**Information:**

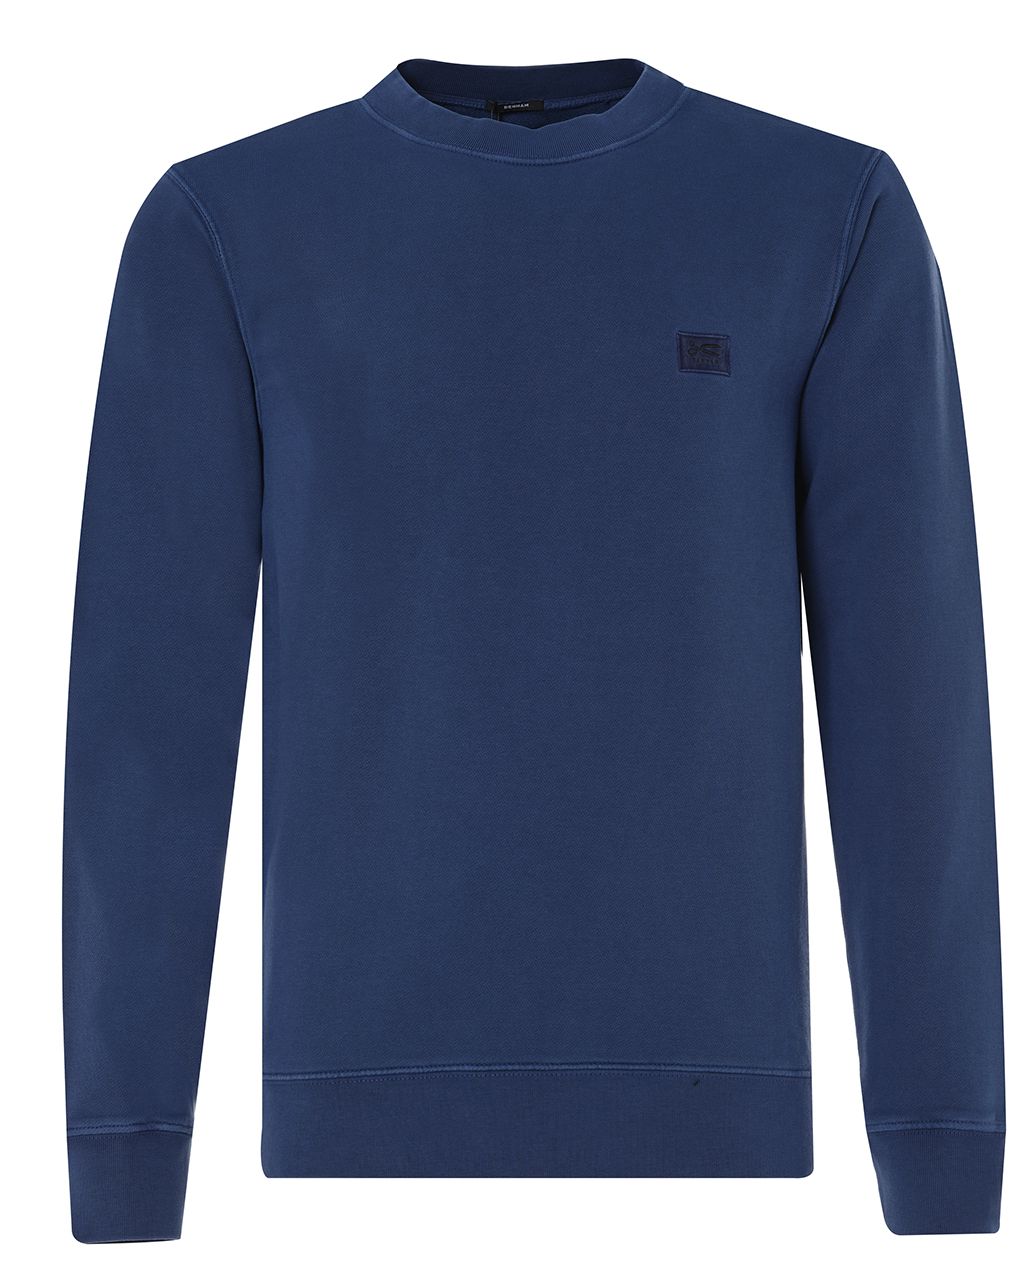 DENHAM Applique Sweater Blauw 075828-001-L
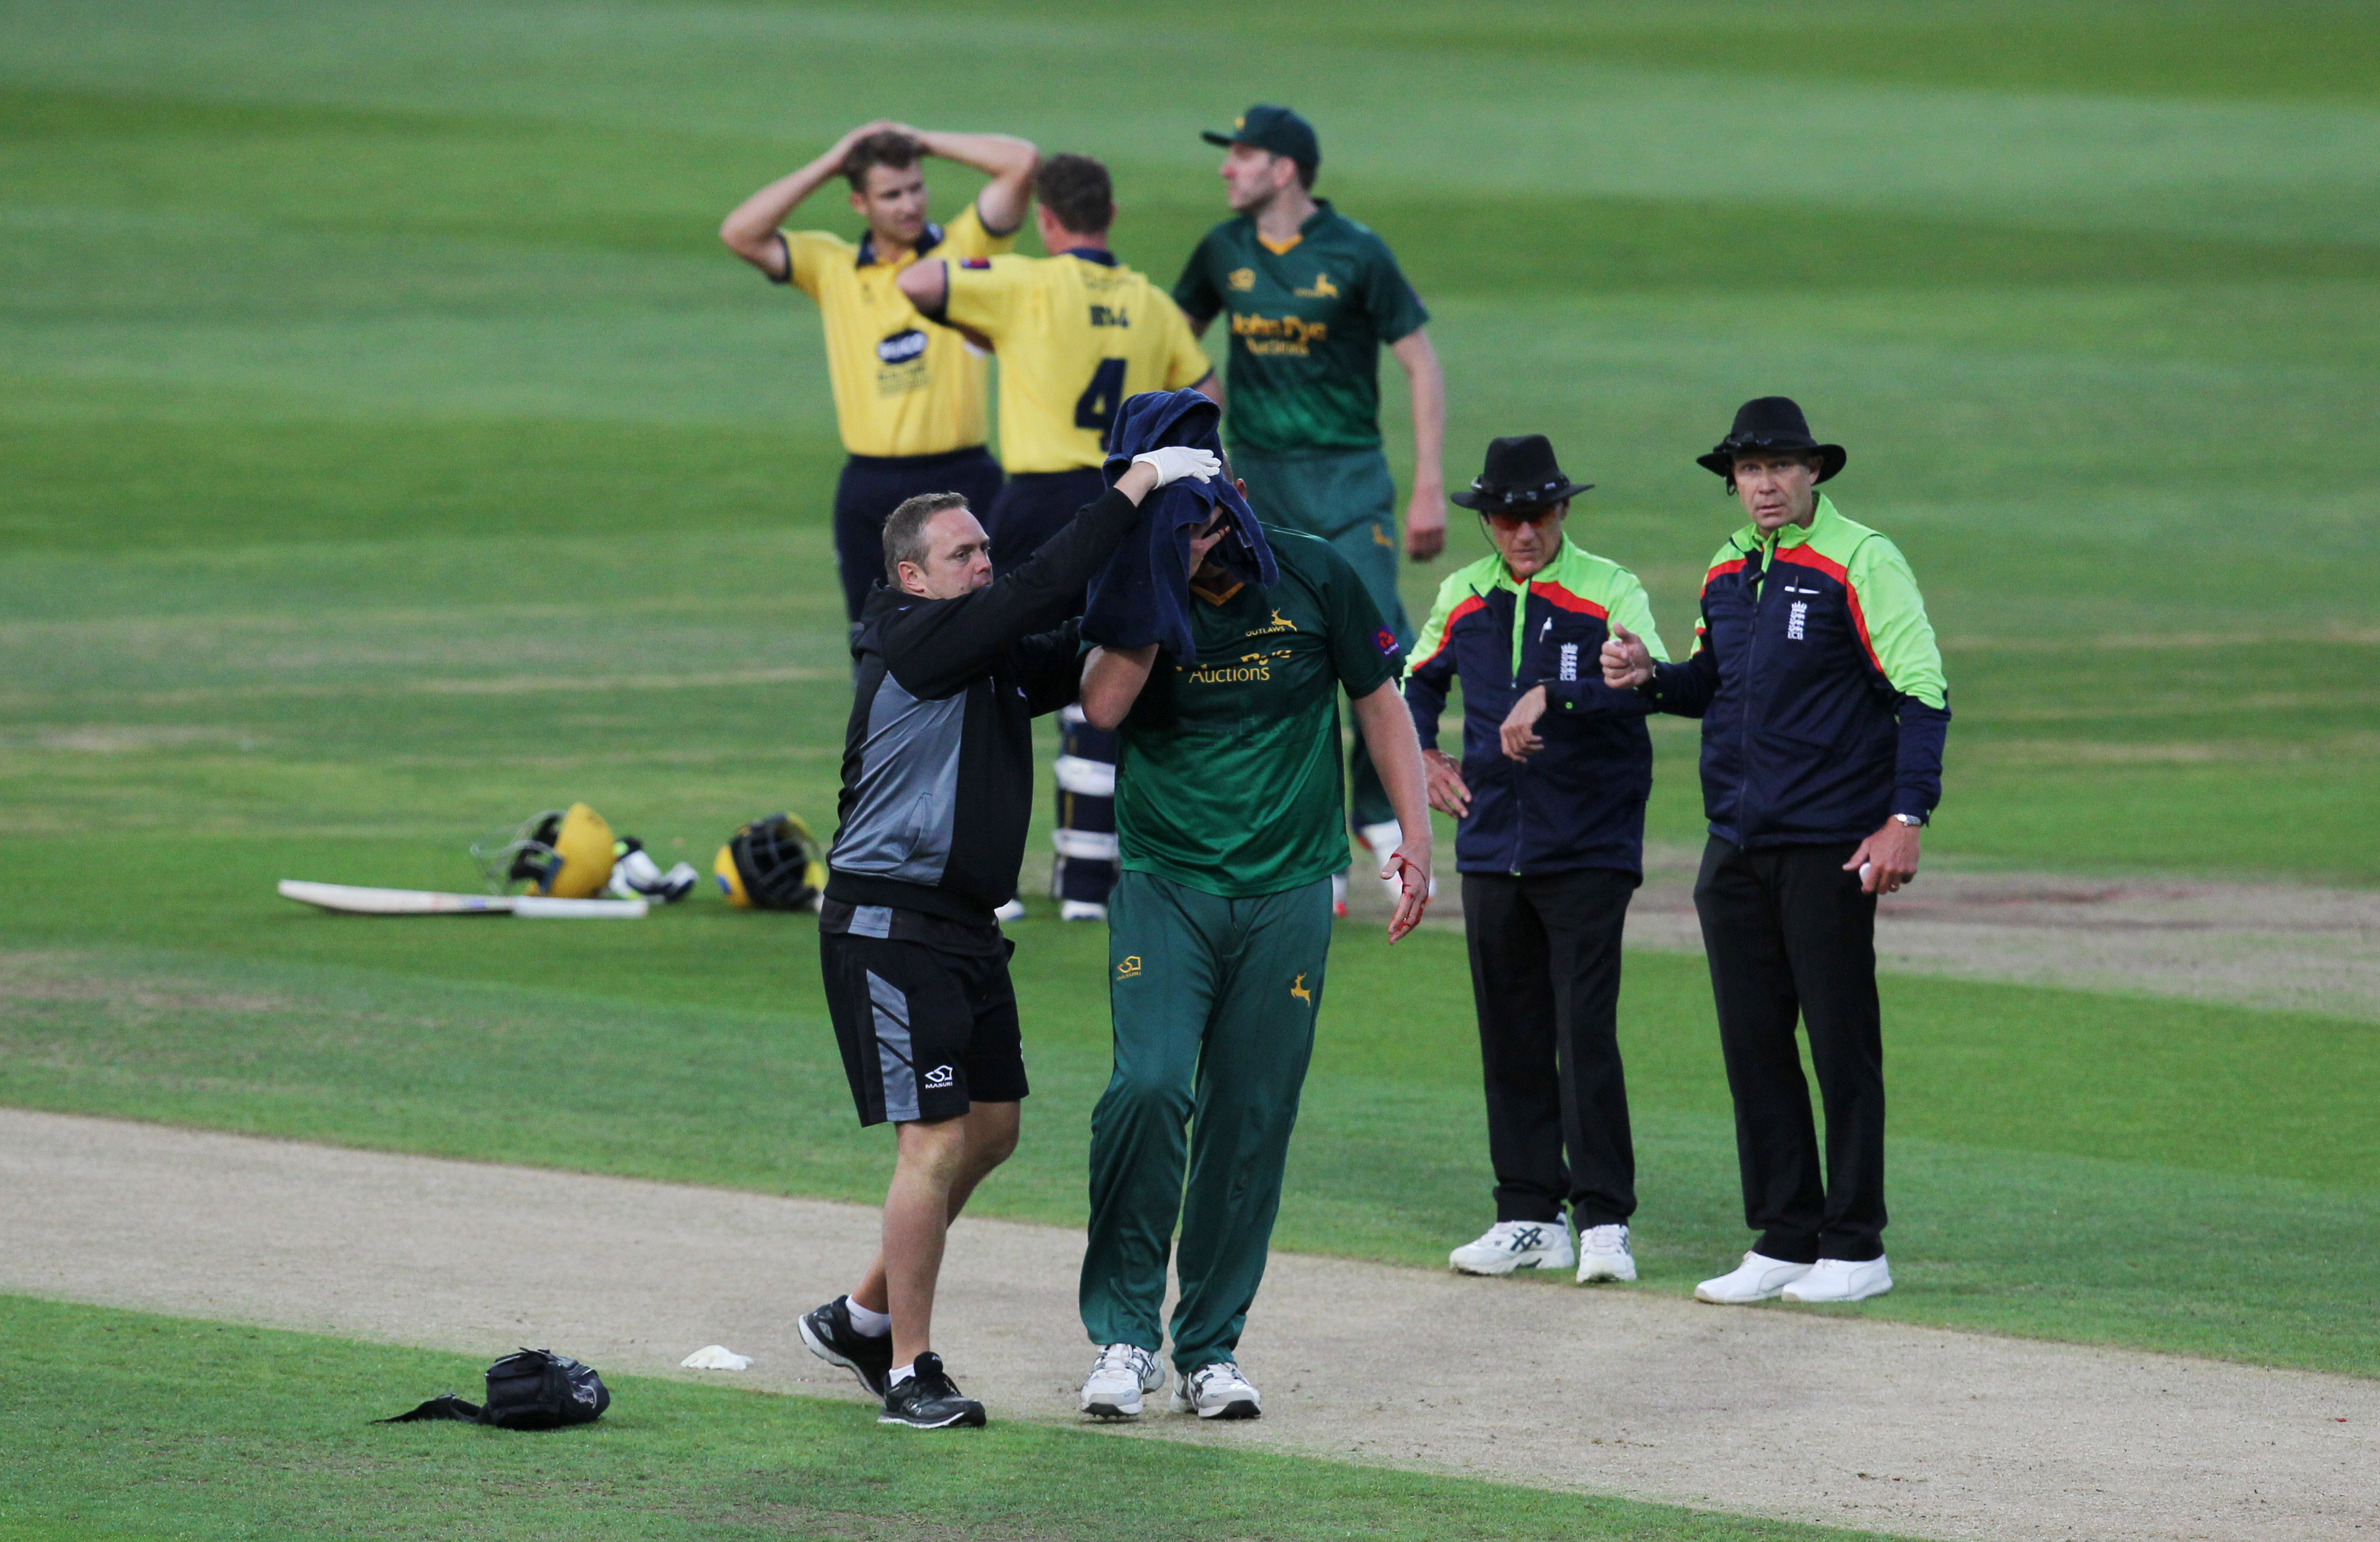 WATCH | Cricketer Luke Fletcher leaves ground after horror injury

* * *

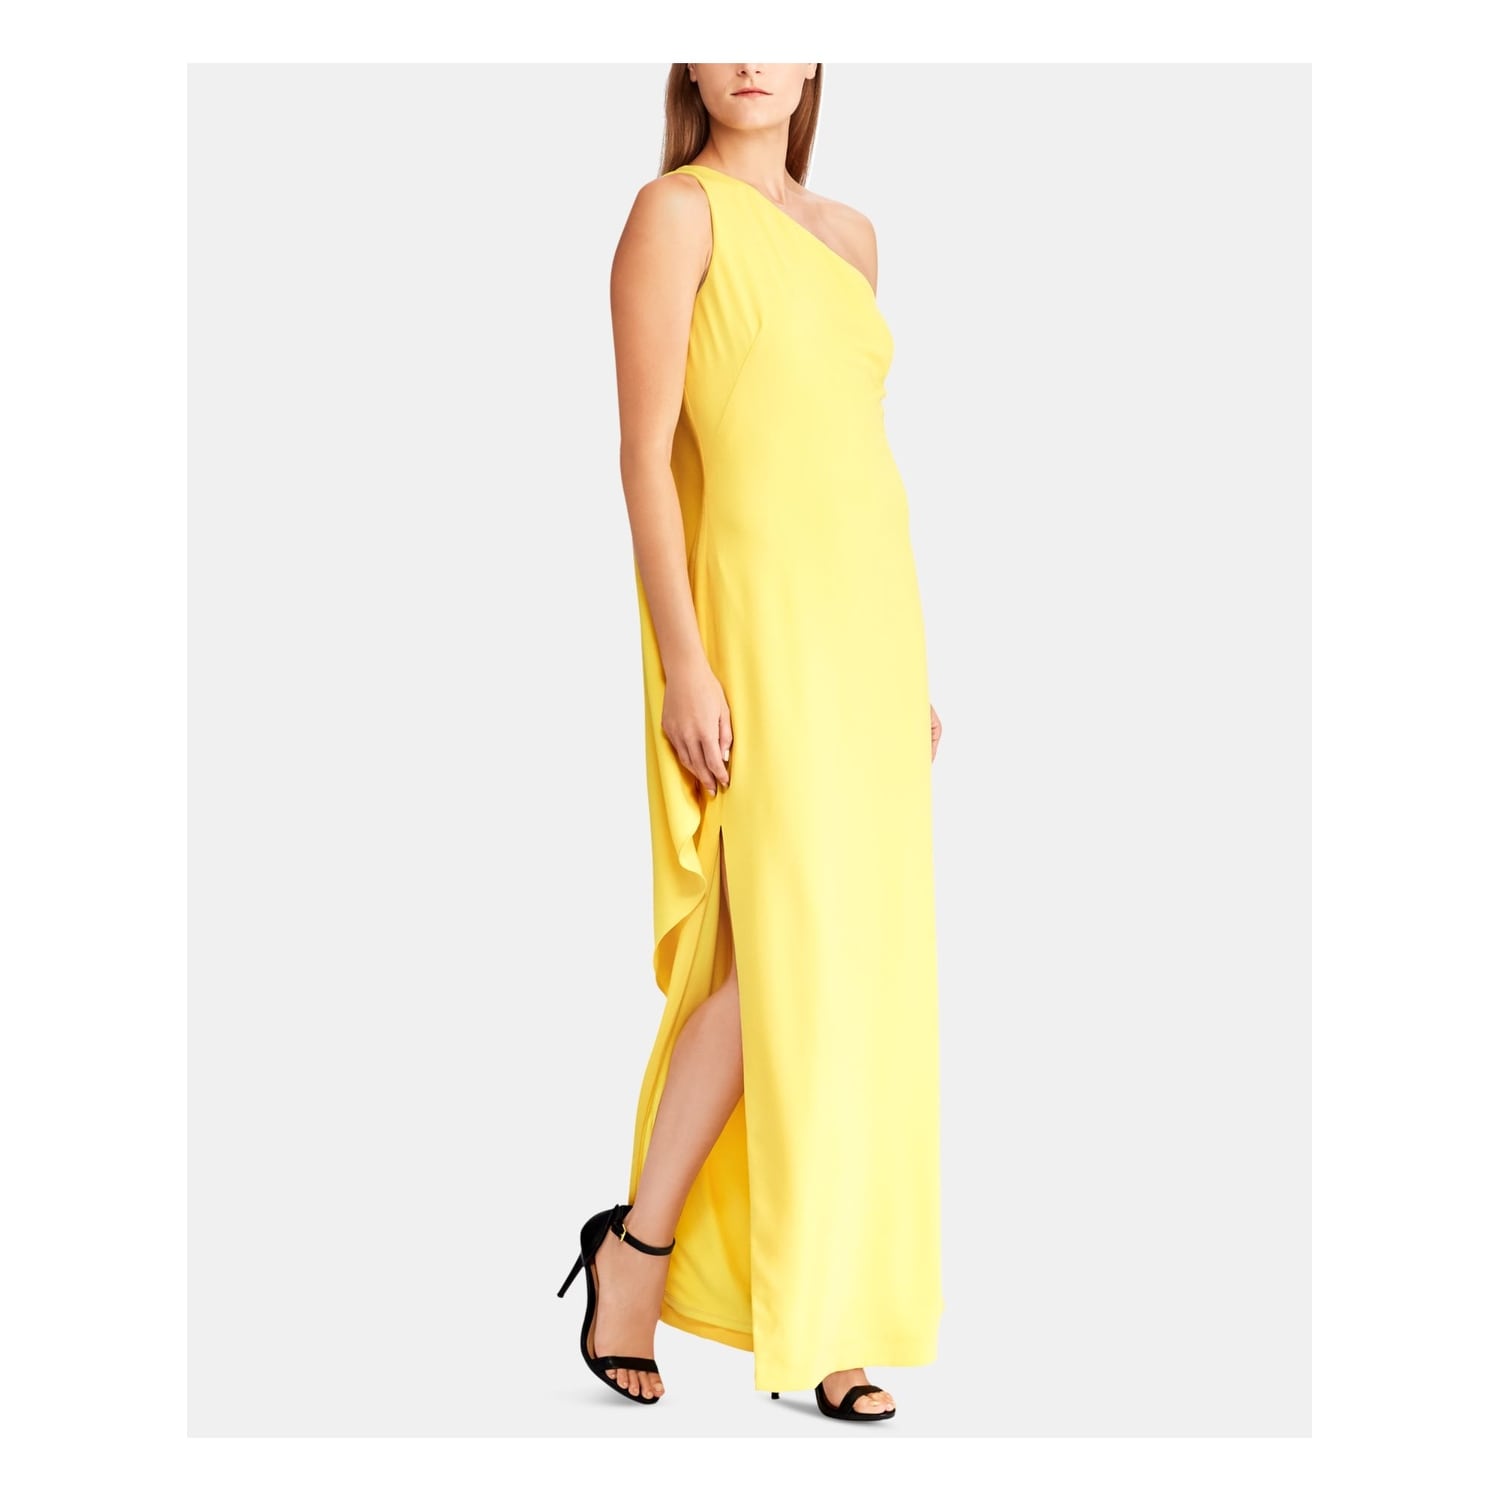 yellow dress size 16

---

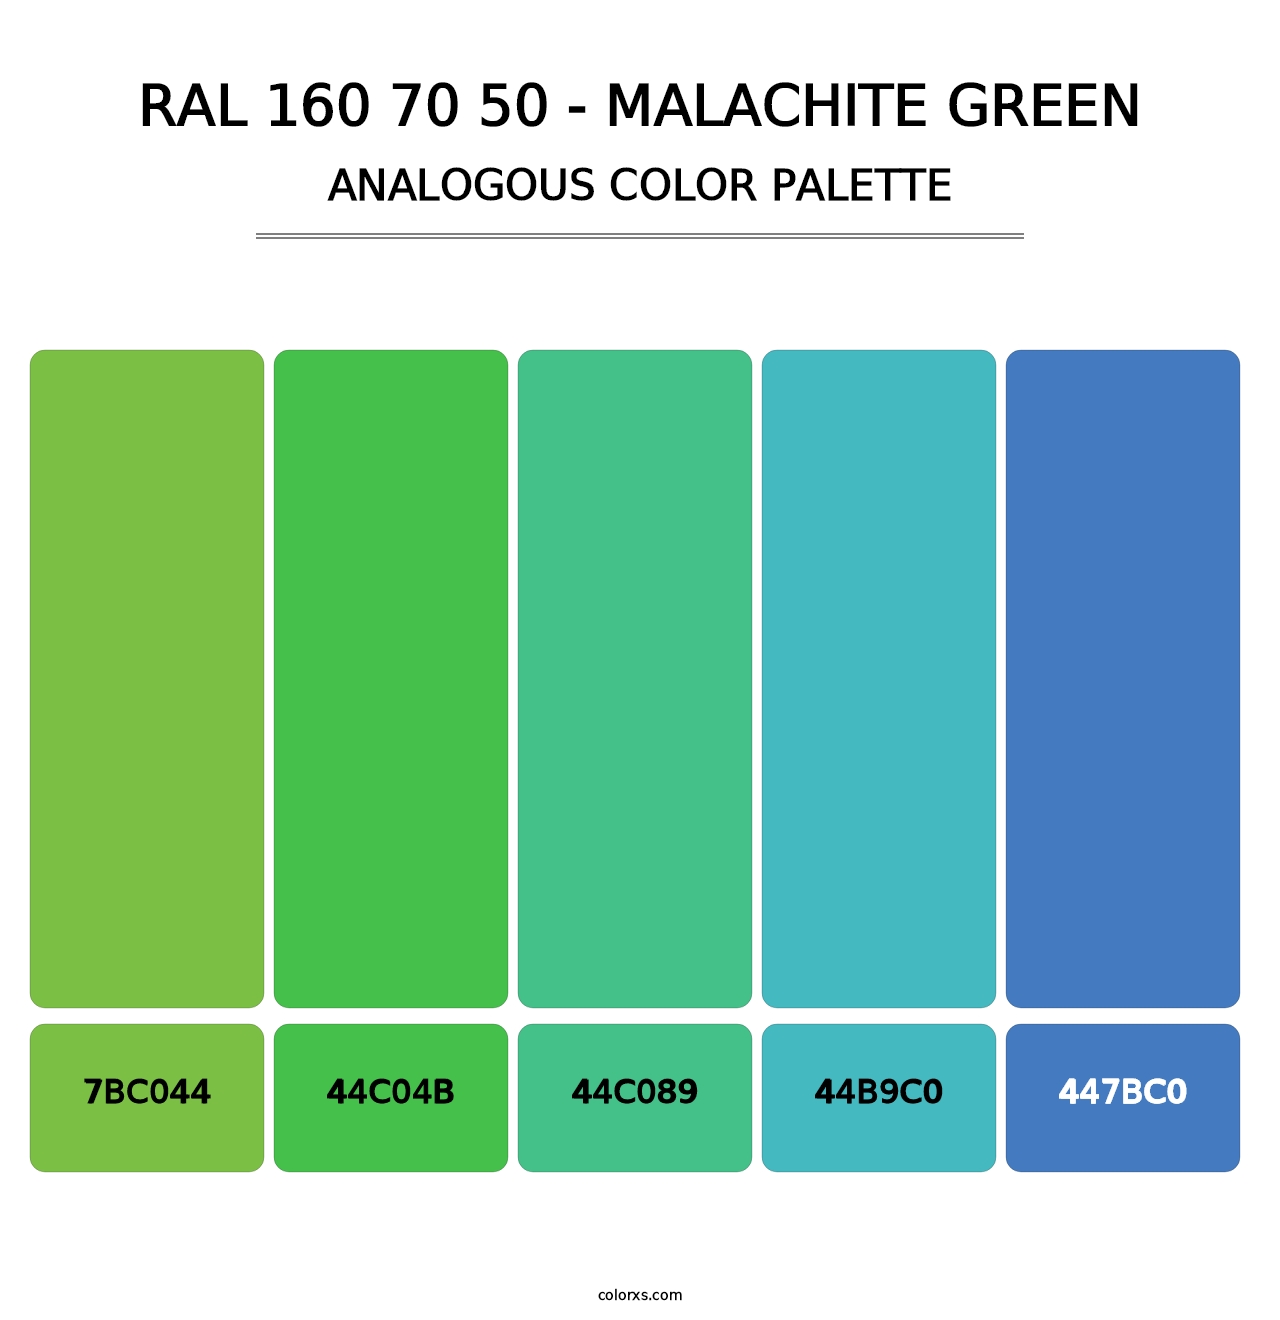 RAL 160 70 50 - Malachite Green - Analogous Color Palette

**Exercise details:** In the listing above, find the line with "DENHAM Applique Sweater Blauw 075828-001-L" and the line with "WATCH | Cricketer". Copy both of them and every line between, exactly, but not the pictures.

**Answer area:**
 DENHAM Applique Sweater Blauw 075828-001-L
 WATCH | Cricketer Luke Fletcher leaves ground after horror injury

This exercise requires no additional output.